I know that there were a number of you who loved the Think or Swim Platform [TOS] and found it very difficult to find a tool/platform to match it, however, Tom Sosnoff has since created Dough.

With *Dough*, you can search for implied volatility and probability of success. I don't think you will be able to beta weight to SPY and measure your Delta's though. If you know of a good platform in which I can do this, please let me know!

But yeah, check out *Dough* people. Also, if you need help in regards to investing, and want to know where to start, Tom Sosnoff has created *Tasty Trades*... definitely a game changer.

Feel free to post your reviews here, if you think that this was helpful!


----------



## minwa (27 April 2014)

*Re: Really Good Investment Resources/Tools - Implied Vol, Probability of Success, Gui*

Isn't Tom part of TOS ?? So is this just another platform from the same company ?
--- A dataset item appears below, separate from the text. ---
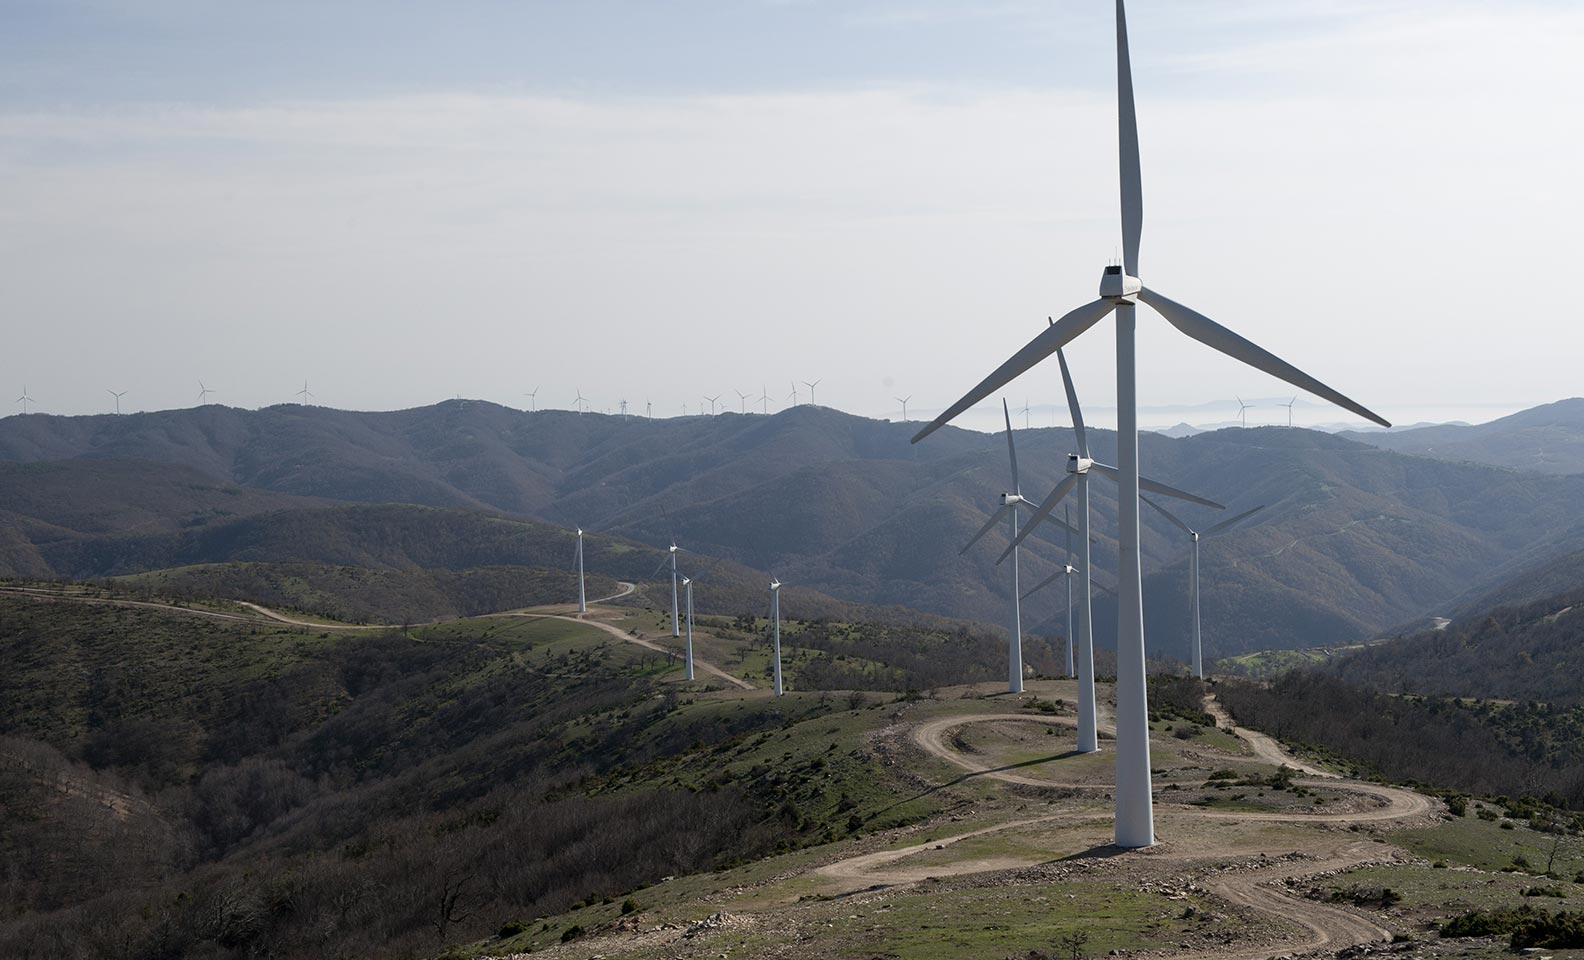 Série de pás de turbinas eólicas nas montanhas

Used to play around in fancy platforms when I first started in options..optionvue and all that. Now I find very little use for them, they do not increase my profitability.


----------



## hhse (27 April 2014)

*Re: Really Good Investment Resources/Tools - Implied Vol, Probability of Success, Gui*



minwa said:


> Isn't Tom part of TOS ?? So is this just another platform from the same company ?
> 
> Used to play around in fancy platforms when I first started in options..optionvue and all that. Now I find very little use for them, they do not increase my profitability.




Essentially same creator/founder for both TOS and Dough - Tom Sosnoff. However, TOS was sold off to TD Ameritrade.
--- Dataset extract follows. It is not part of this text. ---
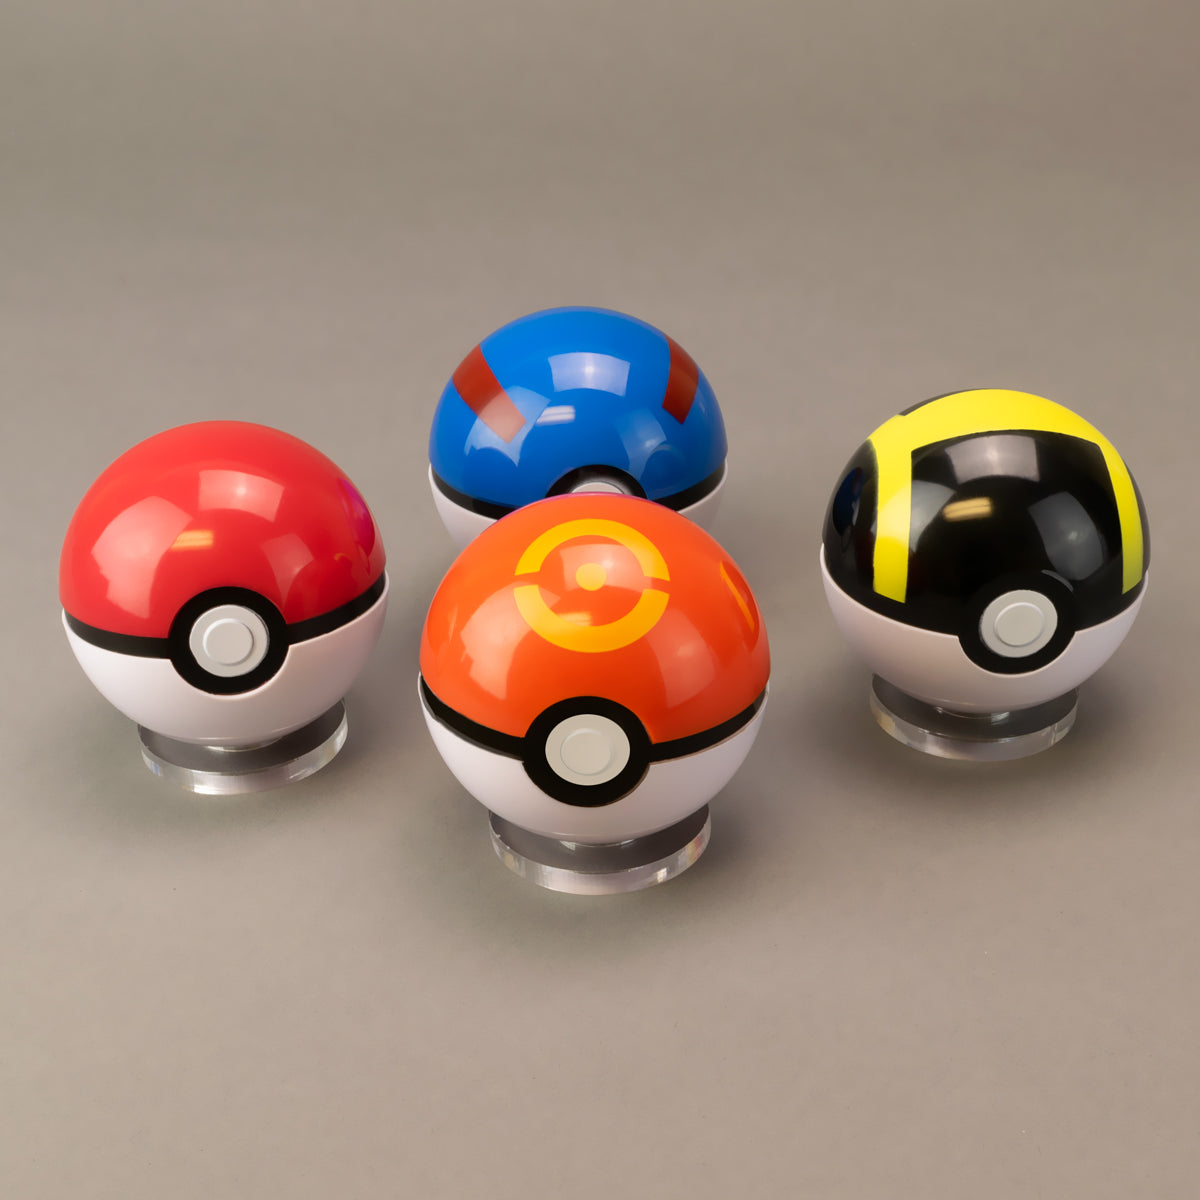 Sphere Pokeball  Pokeball, Pokemon, Pokemon ball

Dough is not necessarily a 'trading platform'. You still need to sign up to TOS if you want to trade through Dough. However, I use it just for the tools/resource as I'm not eligible for TOS. It takes a lot of the 'grit' work out of identifying liquid stocks. Also, it lets you sort for 'earnings' and 'implied volatility'. As result, it makes it a lot easier to find trades and choose strategies depending upon Implied Volatility Percentile. I'm almost at the stage now where some of the trades I choose by myself happen to be identical/similar to trades they place on their live show.

I definitely feel that you get so much value out of Dough and Tastytrades and very happy that its a free service. I find it saddening that there are companies/seminars out there that exploit people for heaps of money and offer very bad/risky advice to household/retail investors. So I really wanted to share this.


----------



## DeepState (28 April 2014)

*Re: Really Good Investment Resources/Tools - Implied Vol, Probability of Success, Gui*

HHSE, thanks for the direction to Dough.  I checked it out for interest and because I seek an application that can produce an implied volatility surface with accurate underlying assumptions.  The thread header refers to IV.  My navigation in the site is probably sub-par, but can you tell me if an IV surface for major stock market indices is available?

Cheers


----------



## hhse (28 April 2014)

*Re: Really Good Investment Resources/Tools - Implied Vol, Probability of Success, Gui*



DeepState said:


> HHSE, thanks for the direction to Dough.  I checked it out for interest and because I seek an application that can produce an implied volatility surface with accurate underlying assumptions.  The thread header refers to IV.  My navigation in the site is probably sub-par, but can you tell me if an IV surface for major stock market indices is available?
> 
> Cheers




Sorry, I do not understand what you mean by IV Surface. The model/assumptions to calculate IV rank would be the same as the TOS platform. They calculate IV using black Black–Scholes (less latency for system) and their plug-ins comes from the two front months option expiry dates, but I can't remember whether or not they use only ATM strikes or all strikes to measure IV. The IV is then ranked against IV in last 12 months.

And yes, they have indices. Just type in the code and it should pop up :x. 

Sorry if that didn't answer your question. I'm learning off Tastytrades, and experimenting with a small account. And I guess Dough is relevant to their methodology so I have not dug deeper


----------



## DeepState (28 April 2014)

*Re: Really Good Investment Resources/Tools - Implied Vol, Probability of Success, Gui*

Thanks HHSE, I'll trawl around and hopefully fumble into something.  

IV Surface is a 3D surface plot of
x: Strike
y: IV
z: Maturity


----------